The disciplining effect that this consumable surrogate-world can have
has been clearly expressed by Timothy Leary, a psychologist transformed
from a drug-apostle into a computer- and cyberspace-fan: "George Orwell
got it wrong. He was too optimistic. He wrote in 1984 that Big Brother
would watch us from screens on the walls of our living rooms or
bedrooms. But that is nothing. You could always duck out of sight. The
currant horror is that Americans voluntarily stick their amoeboid faces
toward the screen six or seven hours a day and suck up information that
Big Brother is putting there."

In spite of this condemnation to passivity, the illusion of reality of
the media acts upon us in a way of magical fascination. In opposite to
conventional pictures (photographs), those pictures transmitted by
television lack the time difference between original and model - which
is actually the case during live-transmissions, or otherwise apparent
because the actors  move. According to Anders, we could speak of a
"dissolution of the present- horizon".

The word "present" has a double function here which underlines the
beginning confusion: it means spacial presence (i. e. being present) as
well as temporal simultanity. The present is being shifted towards the
simultaneous, while its temporal aspect is even less distinct to the
media-user than the spacial aspect. G nther Anders goes as far as
speaking of these particularities of the media-world as an "ontological
ambiguity", because the transmitted events are present and absent at the
same time, real as well as fictitious, briefly:"... because they are
phantoms." (Vol.1, p. 131)

Not without a certain degree of justification, Anders remarks that
sometimes it happens that we are unable to say where we have spent the
afternoon: have we been in the garden, weeding, or have we rather been
on the football field, following the "audio-picture" of the match? If
afterwards somebody came to ask us the names of the children playing in
the garden, we might  rather be able to tell the names of the football
players whose acoustic phantoms had captured our attention. In
principle, we have been at both of the places, but at none of them
really; we were dispersed between them. It was this distraction that we
were looking for. This example clearly shows that not only do we not
know where we are, but we don't know what we are doing. We are
dispersed/distracted between two activities.
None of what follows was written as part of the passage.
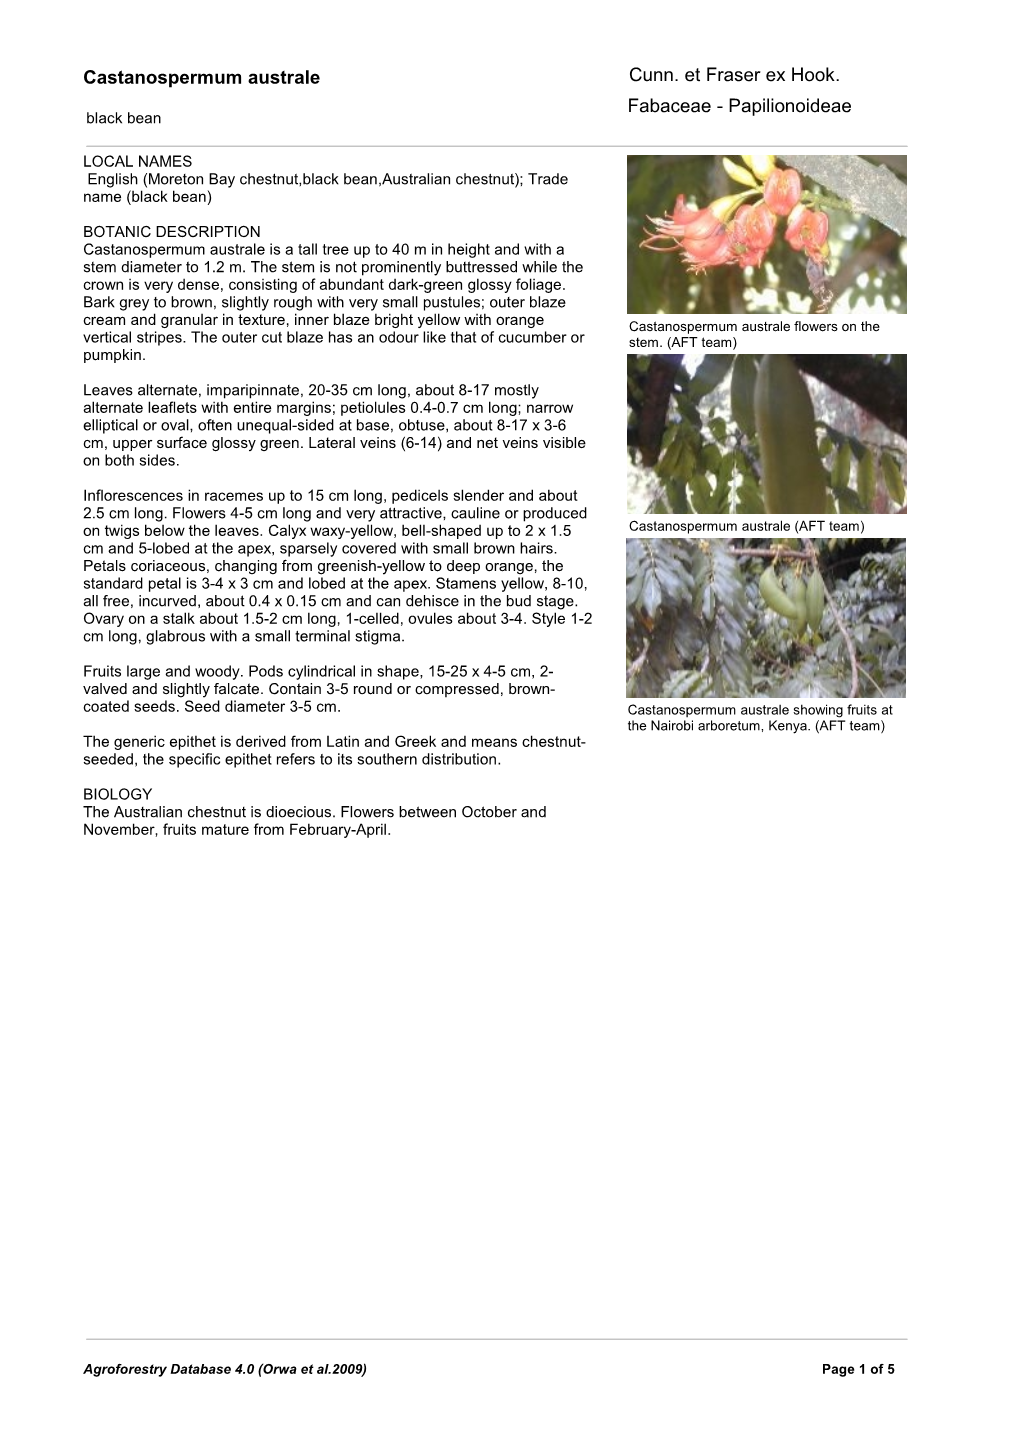 Castanospermum Australe Fabaceae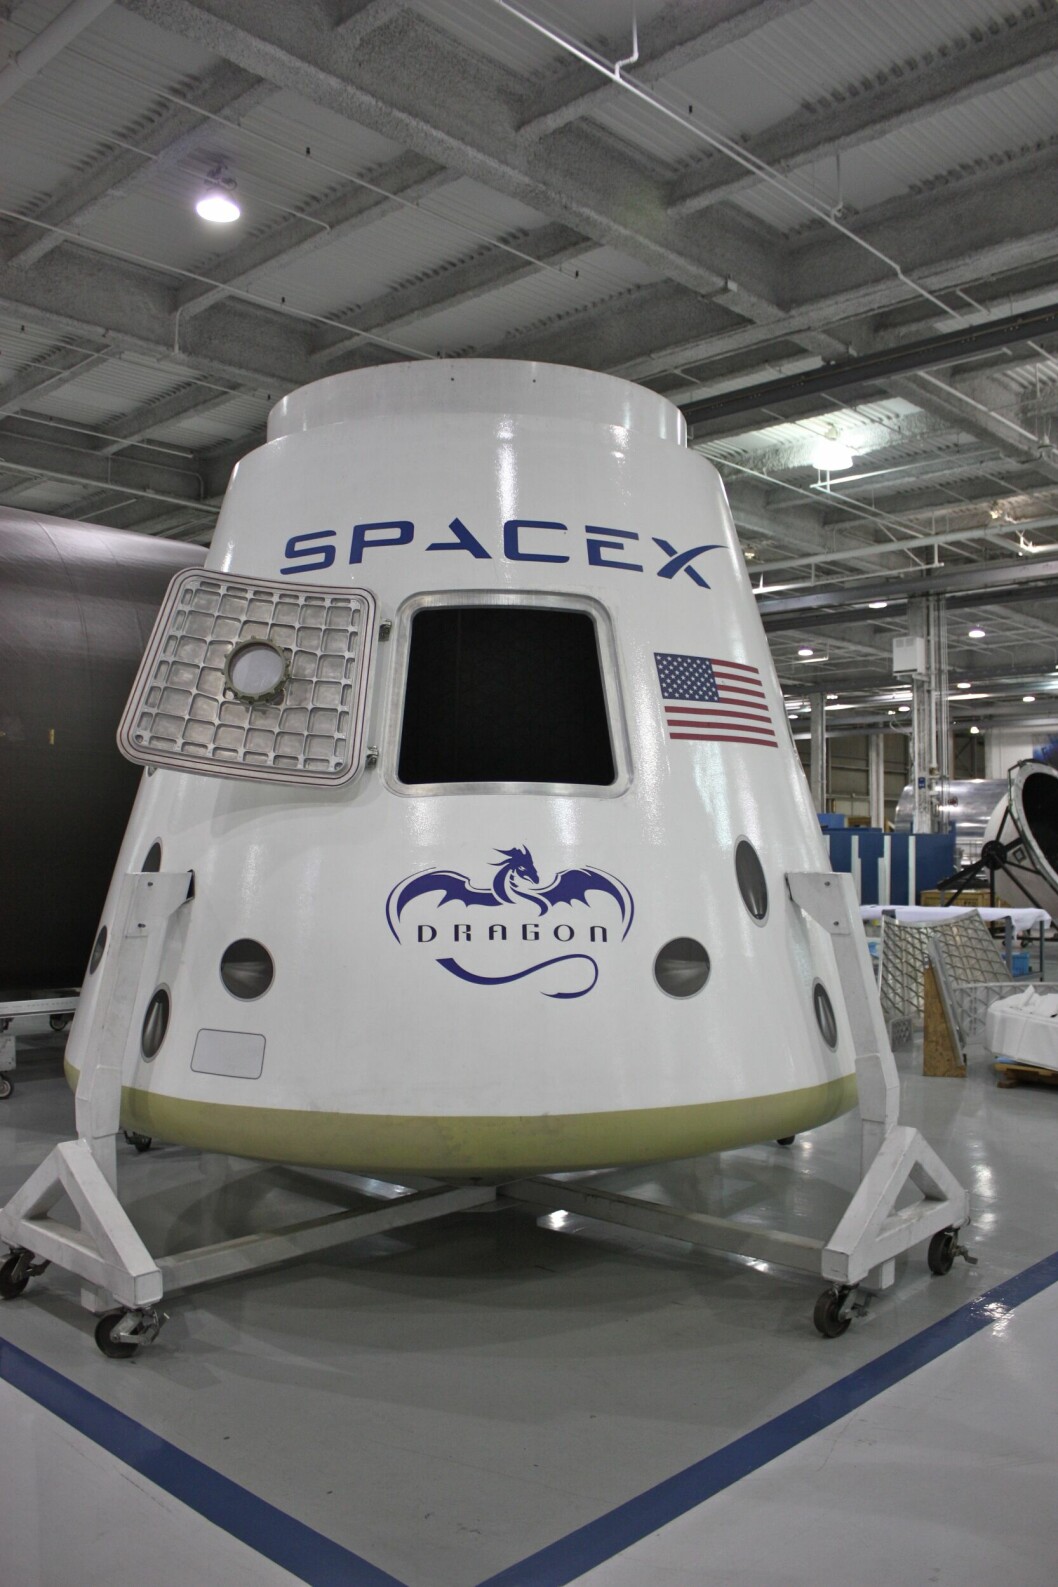 INTRERNETT I ROMMET: Testdrift neste år. Kommersiell drift om fem år. Det er hva SpaceX sikter etter. (Illustrasjonsfoto: Bruno Sanchez-Andrade Nuño/Wikimedia Commons (CC BY 2.0))

The computer gives its user a new quality of media-activity: to
manipulate the world beyond the screen. Computer freaks told us of
feelings like breaking through a magical wall, like conquering a new
mystical space (the Cyberspace). "Alice in wonderland" is an often
quoted tale in the computer science - perhaps not only because of the
logical games. Has the world of the media become less phantom-like by
computerization? The latter at least enables the user to take part
actively what happens. Or does he rather become a phantom while
manipulating the world behind the monitor, while electronically slipping
into networks as a being of data? However, the data-traveller and the
computer freak are substantially more lively phantoms than the figures
that t.v. sends into our homes. Their knowledge of the technological
networks certainly does extend their possibilities, but first of all the
"virtual vagabonds" have to make an effort in adaptation: they have to
learn a computer language which demands a stringent use of structures,
otherwise the electronic excursion will very soon end with a laconic
"syntax error".

The modern subject who tries to face and contend with the passive
consumption of phantoms and the infantilization of the media system is a
very disciplined subject. The discipline of the computer freak is
similar to that of the book culture, a culture which Anders perceived as
a victim of the media world. It is this exploratory discipline that will
now  be critically analyzed with the help of Foucault.

3.  New Aspects of Power:

3.1.Panopticon, Television & Control  -A  New Device

In the analysis of the relations of power, technology and individual, G
nther Anders seems to complete Foucaults' efforts. Anders' work
enlightens the capillar mechanisms of power in the field of mass media,
which Foucaults' Panoptism is neglecting. This blind spot of Foucaults'
theory missed a development, as a parallel to the panoptical process, of
a unique and enormously extensive system. It is enabling the many to see
the few. The panoptical tendency for the few to see and supervise the
many is contextualized by a remarcable counterpart: the development of
the total system of the modern mass media. Both of these systems are
based on unidirectional communication, both of them support the power of
groups which are already in power. The mass media are an ideological
frame of the beliefs necessary for the surveillance systems to be
functional. This "belief context" may be seen as propagation of "social
censures", telling us what we have to see as crimninal or deviant.
Social censures are a legitimation of surveillance and a part of the
pressure to normalize the subjects. The human actor in the context of
media-using  is only  a chooser and not a creator. Anders gives a deeper
parable of the situation of the user of mass media:

"As it was not to the king's pleasure that his son, walking
cross-country, would leave the marked and controlled roads in order to
find his own views, he gave him a horse and a cart. " Now you don't have
to walk any longer", the king said. But what he meant to say was: " Now
you may not walk any more". Effectively the meaning of his words was:
"Now you could not walk cross-country any more". (G. Anders, Vol.1, p.
97)

According to Anders,  the "dispersion of the subject",  the dissolution
of its connections to the world by technology and media leads to a loss
of freedom of thinking; i. e.  a loss of that kind of freedom that
according to Foucault was won during the Enlightment when disciplines
were formed. Man, whose incapacitation  Anders complains of, is
according to Foucault "that man, about whom we are spoken to, and who to
liberate we are invited, is already intrinsically the result of a
subjection very much deeper than himself. There is a "soul" in him that
creates  an existence which itself is a part of that dominion which
exercises its power on the body". (Foucault 1977, p.42)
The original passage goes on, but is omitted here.